Of course, one has to have the US $ within one's RRSP to buy the US stocks and that's when the journalling fun begins.


----------



## gibor365

humble_pie said:


> gibor your rrsp would be at either cibc or tddi or possibly you have one at each, i seem to recall?
> 
> both these brokers offer CAD rrsp only. You can only hold potash on CAD side of the account. Both these brokers are going to charge FX on the dividends.
> 
> do not DRIP this stock in rrsp. You will end up paying an FX charge not once, but twice, on the same dividend.


Yes, you are right. I hold SRRSP in TDW and regular RRSP in CIBC. I can buy in on NYSE using US wash in TDW, but don't see any advantage as my dividends will automatically converted to CAD$.
From TSX listed stocks that pay div in $ I hold actually only TRI, and was wondering if I did correct that bought it on TSX.... looks like no difference for me, as I don't have Cash dis. brokarage account


----------



## AltaRed

Toronto.gal said:


> I'm also interested how AR can journal his own shares.


The use of the word journal may not be strictly correct but in my Scotia iTrade cash account (not between accounts of different registrations), I fill out an online form requesting transfer of Y shares of Security X that I own from say my CAD account to my USD account. It is not quite as simple, but same principle, as moving cash between accounts. If I do it before 2pm ET, it happens same business day... after 2pm, the next business day.


----------



## humble_pie

hmmmn there's some confusion over how to make sure those USD dividends from canadian interlisteds get paid in USD.

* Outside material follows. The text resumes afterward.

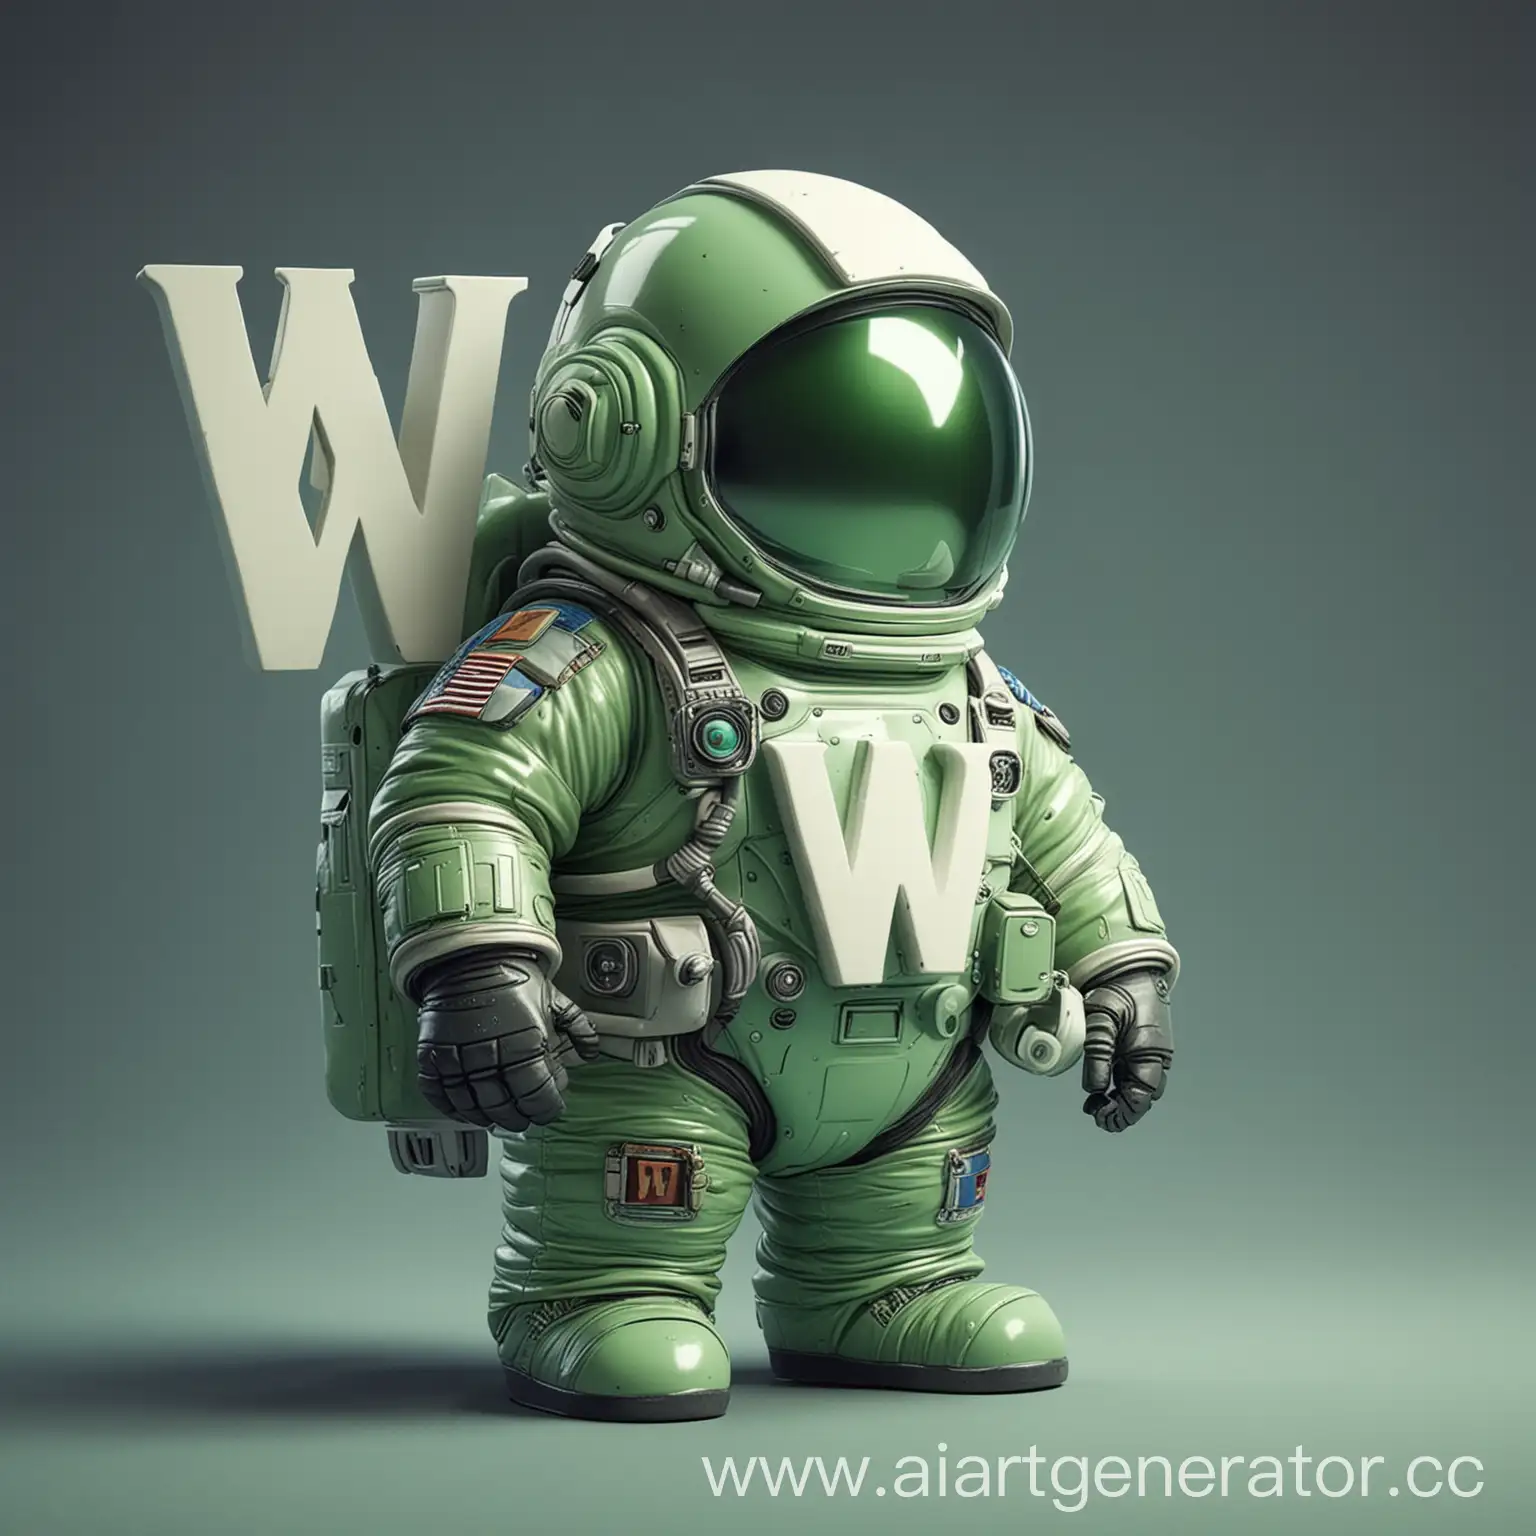 Cheerful-Chubby-Astronaut-with-Green-Spacesuit-and-Letter-W-on-Helmet

it's never an issue of where one buys the stocks or even what currency one uses to pay for the purchase.

rather it's an issue of making sure those stocks end up being held in the correct currency side of the account. It's an issue of moving aka journalling the stocks, if necessary, to the correct currency side.

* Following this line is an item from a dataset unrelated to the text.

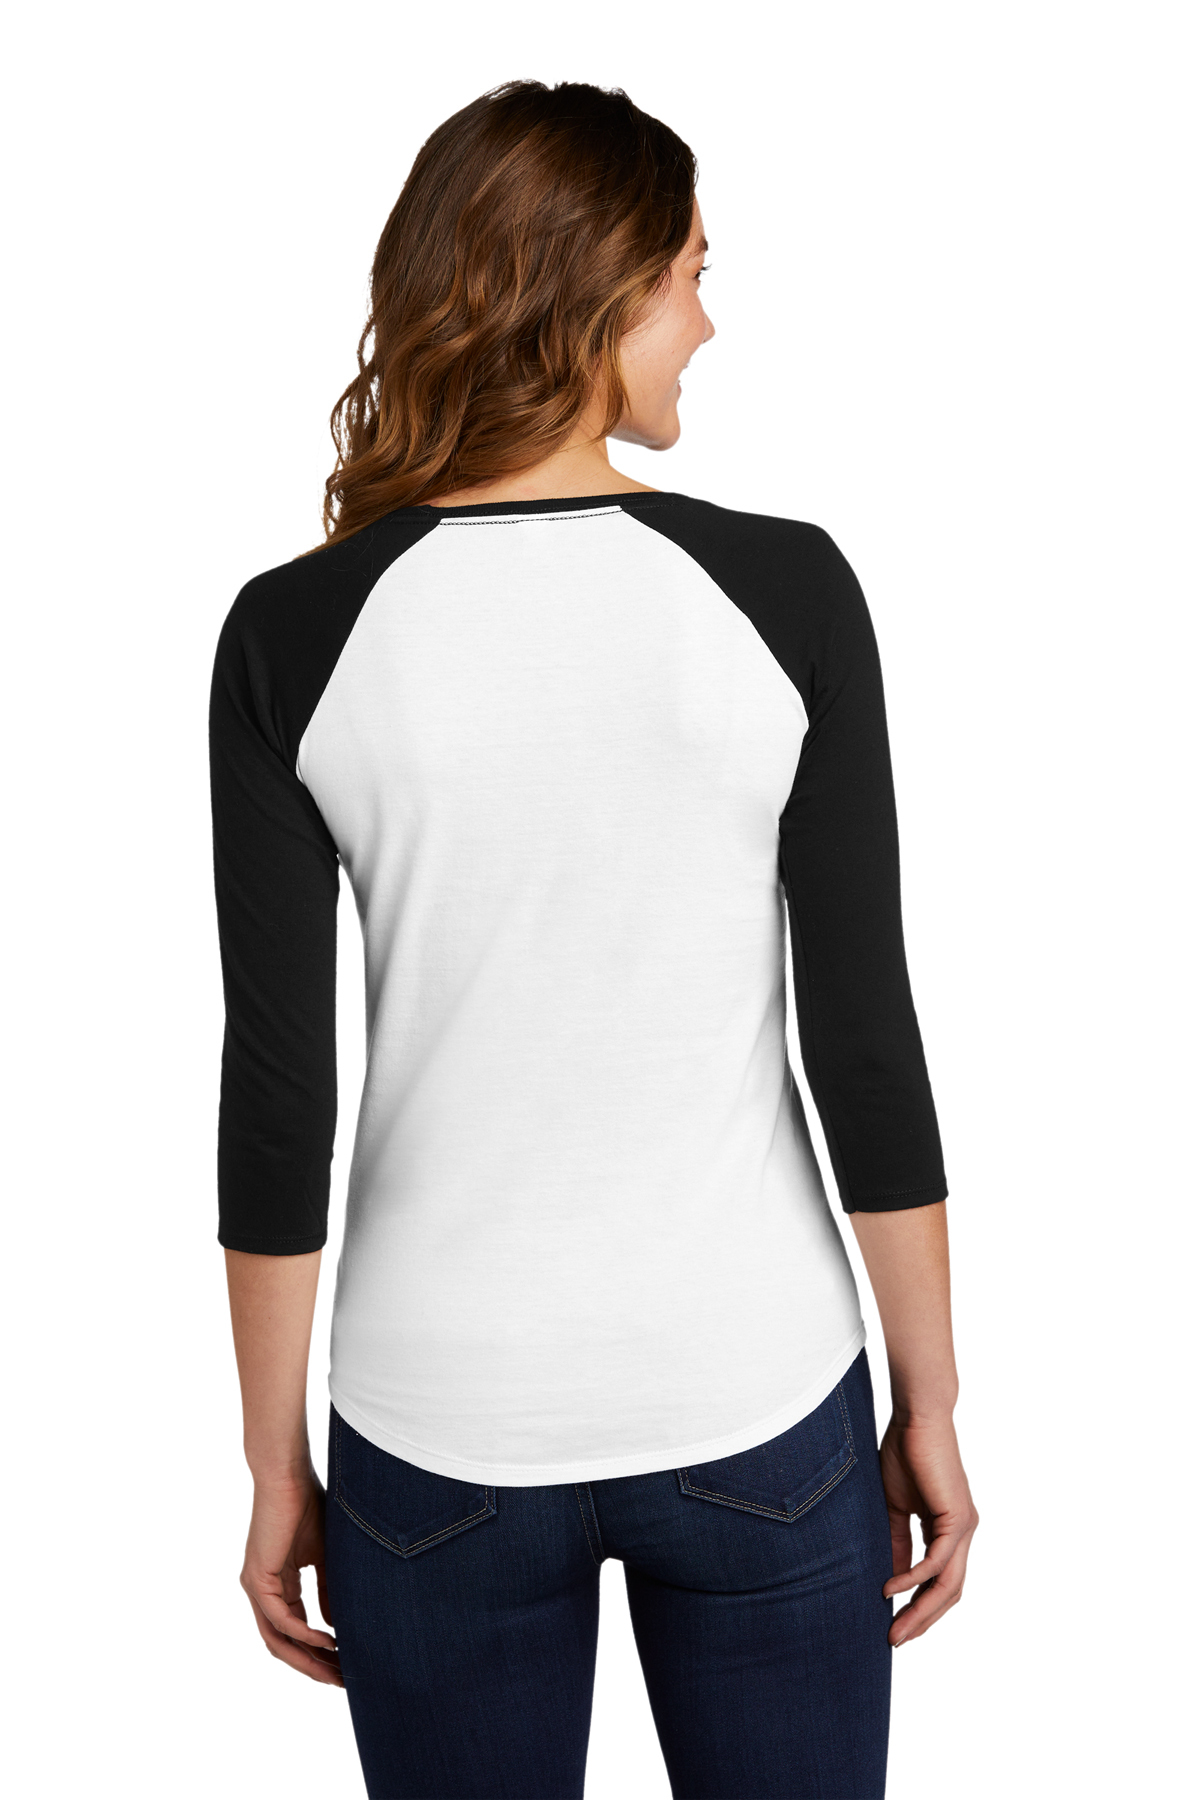 District Women's Fitted Very Important Tee 3/4-Sleeve Raglan

just buying em in USD can sometimes mean the broker mainframe system will lodge em on CAD side of an account anyhow, because CAD is the default locator.

rrsp accounts in particular are notoriously blurred. Investors should open up the holdings (tab, toggle or do whatever it takes) & eyeball where each stock is being held. If shares are not in the desired currency account, client has to pro-actively ask the broker to journal the shares over.

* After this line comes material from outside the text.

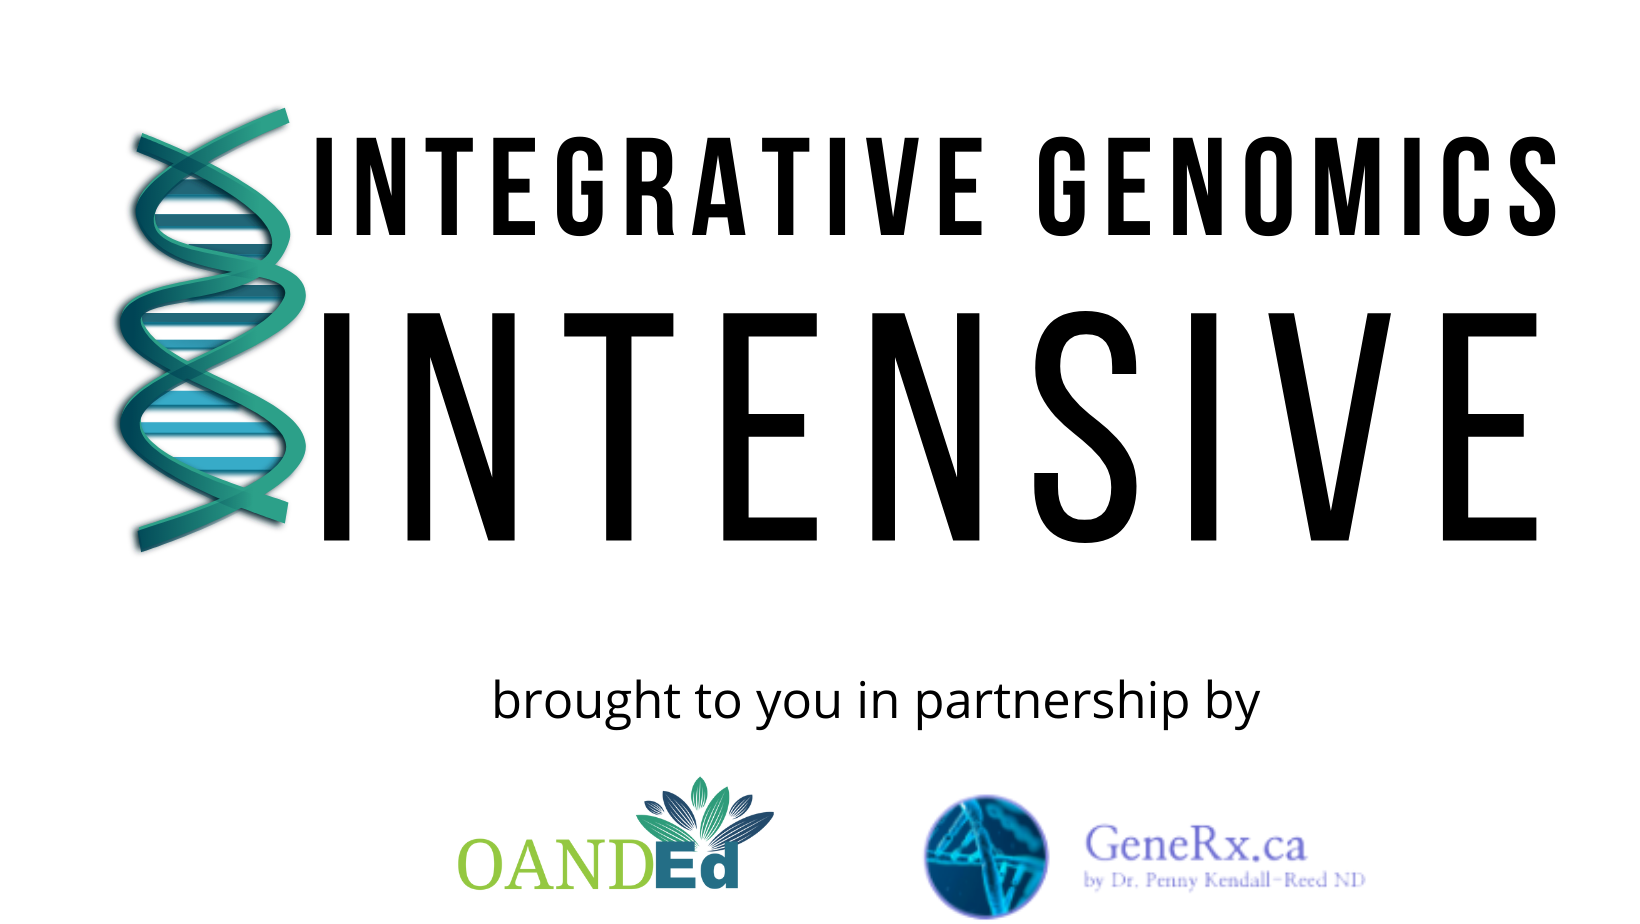 Integrative Genomics Intensive Brought to you by the OAND and GeneRx.ca

at some brokers, even cash & margin accounts appear intermingled & their currency locators are not obvious. BMO is one of these intermingled brokers. Their cash & margin accounts do not indicate currency in a prominent manner & their dividend payments carry no trace of any FX transaction, even when an FX fee was, in fact, charged.

on the other hand, cash & margin accounts at TDDI are clearly divided between CAD & USD. Clients with USD cash & margin accounts at the big green will receive dividends for all shares in these accounts in USD, sans faute.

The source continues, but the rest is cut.